Over 15M Emails and 43M Passwords Added to HIBP Following Recent Operation Endgame Action

• North of 15 million breached email addresses were discovered thanks to a new phase of Operation Endgame.
• Almost 44 million stolen passwords were also added to the Pwned Passwords service.
• The law enforcement operation dismantled the criminal infrastructure behind Qakbot, Trickbot, HijackLoader, and more.

Law enforcement provided Have I Been Pwned (HIBP) with 15.4 million victim email addresses and 43.8 million passwords for the Pwned Passwords service following Operation Endgame 2.0, which occurred last week.

A major outcome of this coordinated action involved the transfer of vast amounts of compromised data to public exposure databases. The data was added to HIBP on May 23, 2025.

Spearheaded by agencies across North America and Europe, this action targeted the backbone of ransomware delivery and credential theft operations.

Building on the successes of the first Operation Endgame in 2024, the latest crackdown focused on takedowns of multiple malware strains, most notably the DanaBot malware-as-a-service (MaaS) platform. 

The US Department of Justice announced indictments against 16 Russian nationals connected to DanaBot, a group linked to credential theft, banking fraud, and a sophisticated affiliate network selling illicit access for thousands of dollars per month. 

The decisive law enforcement moves were facilitated in part by operational errors from DanaBot affiliates, several of whom inadvertently exposed their own identities by infecting their personal devices.

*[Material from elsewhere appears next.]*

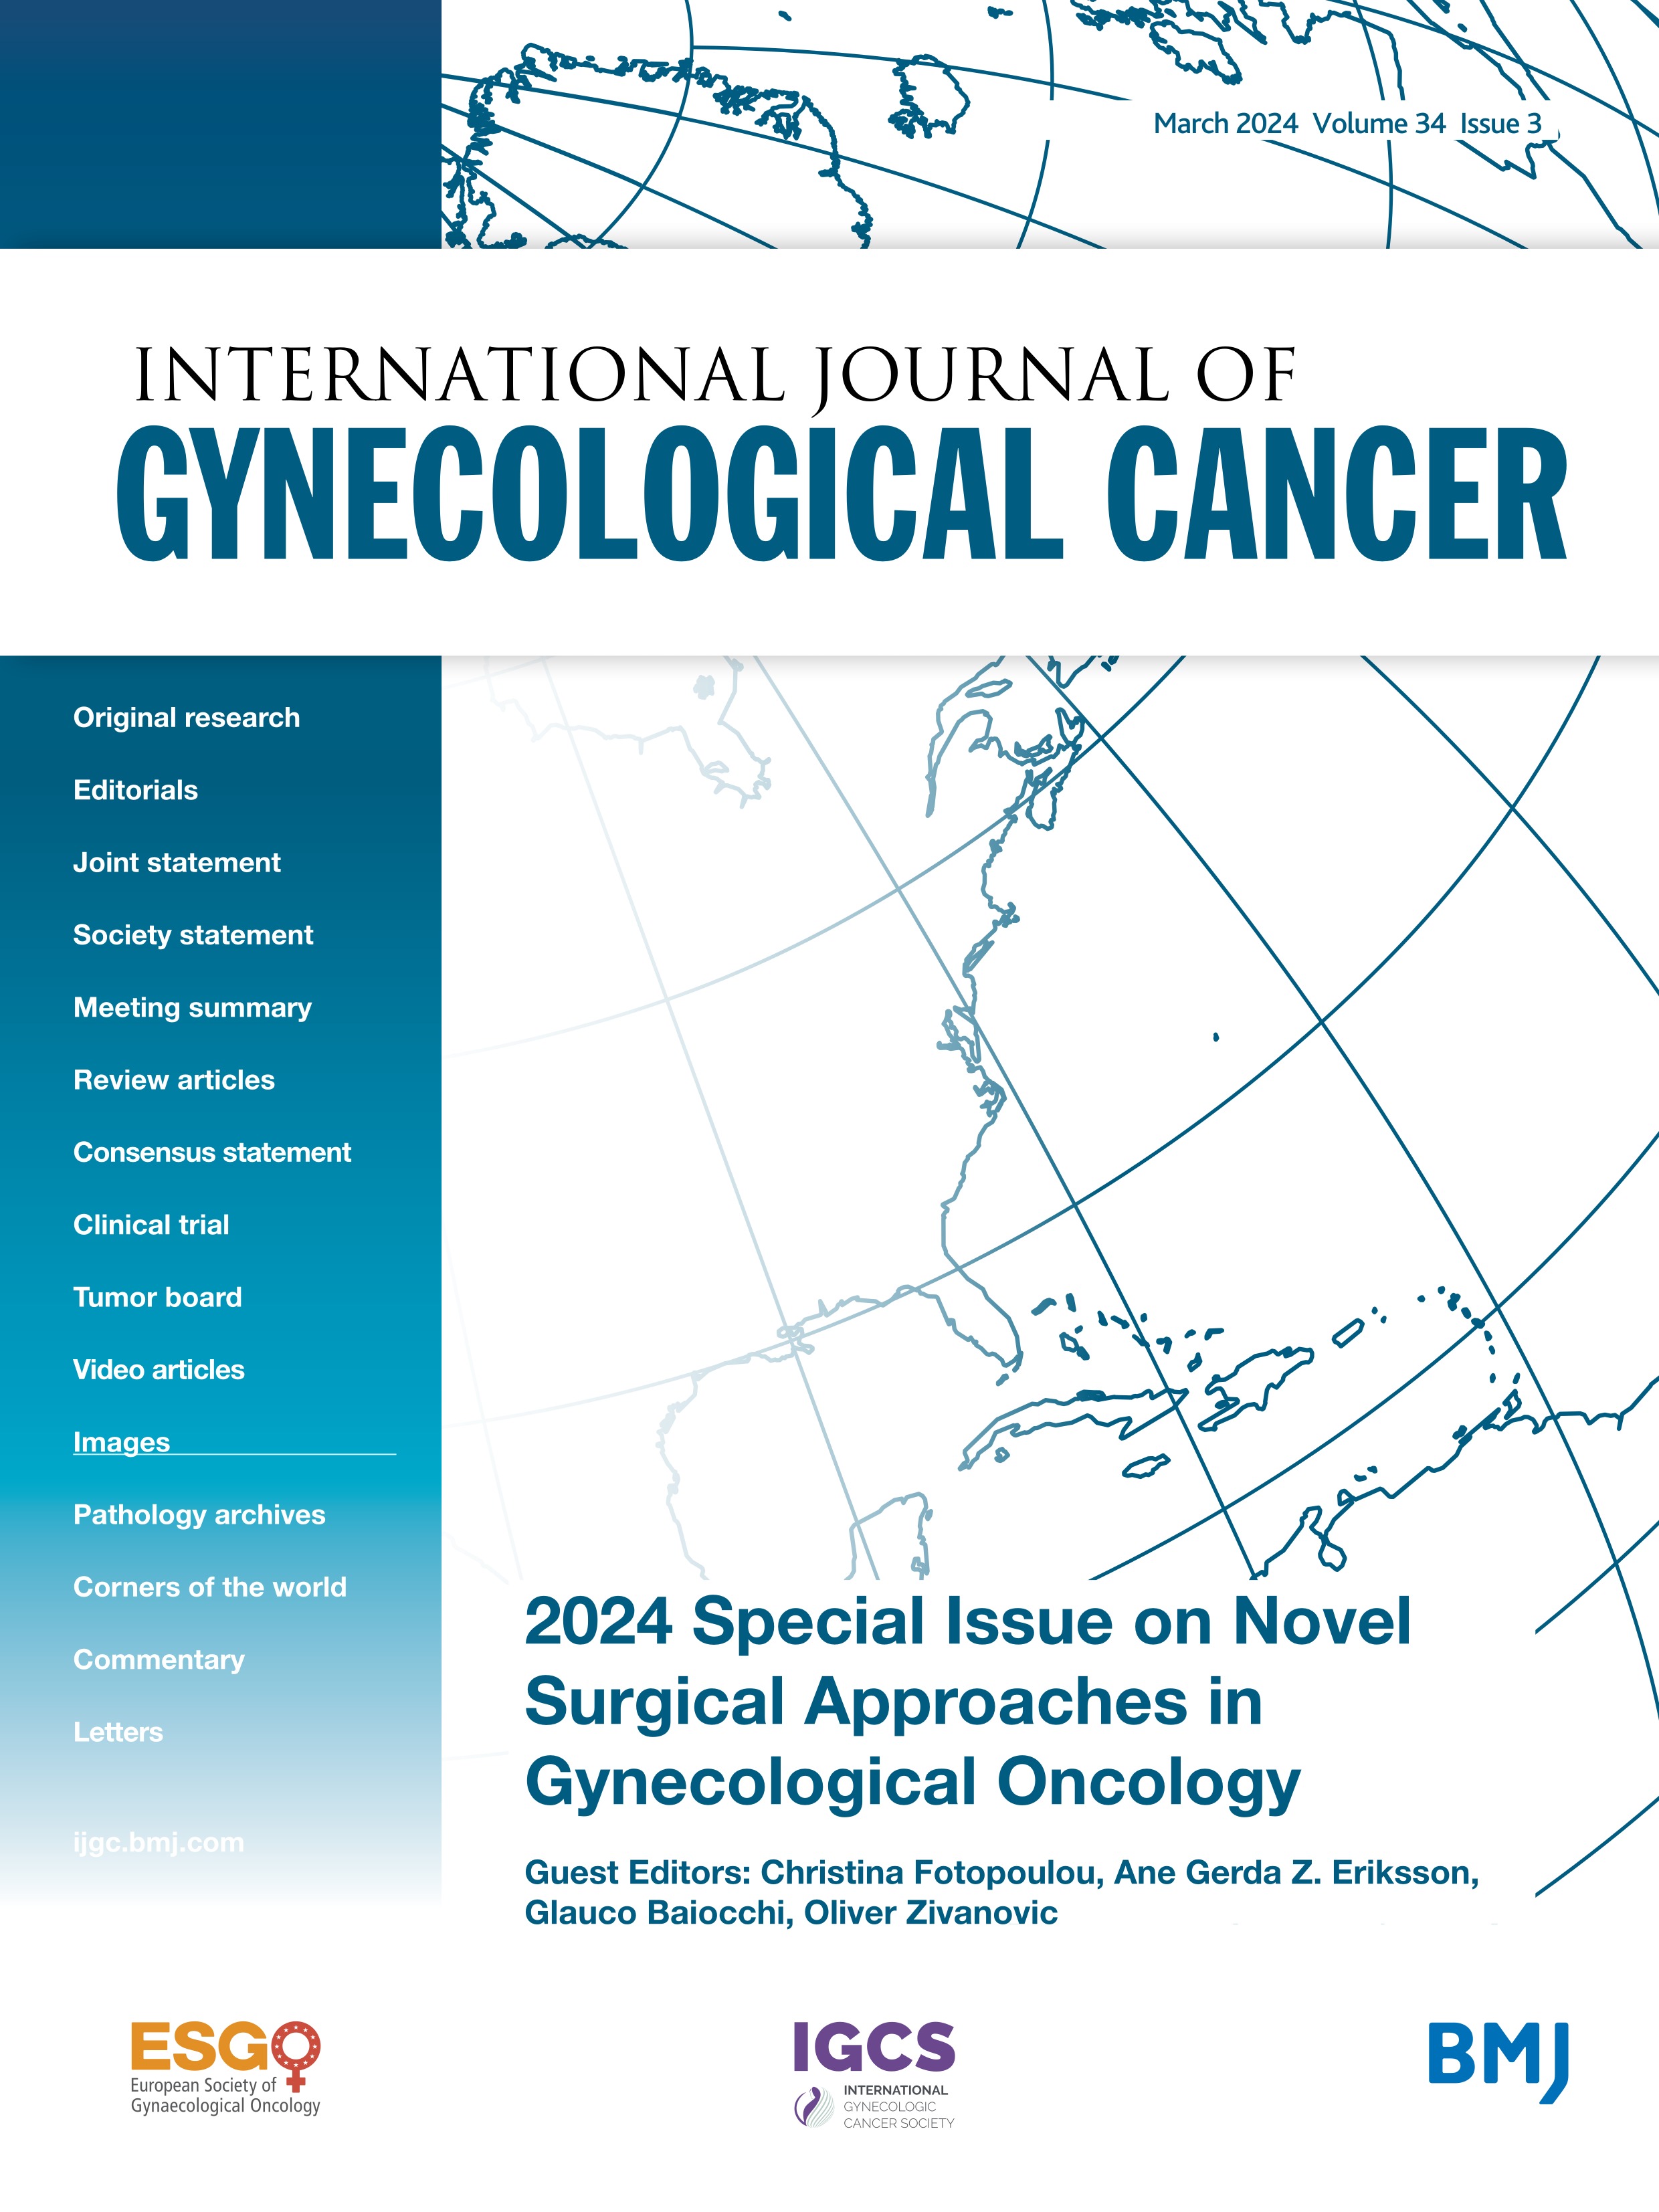 Staging by imaging in gynecologic cancer and the role of ultrasound: an update of European joint consensus statements

The scale of the operation was unprecedented. Authorities seized nearly 300 servers and over 650 domains supporting malware like Qakbot, Bumblebee, Trickbot, Lactrodectus, HijackLoader, and Warmcookie. 

Twenty suspects were arrested and €3.5 million in cryptocurrency seized. Intelligence gathering was supported by cybersecurity firms including ESET, Microsoft, Proofpoint, and Lumen.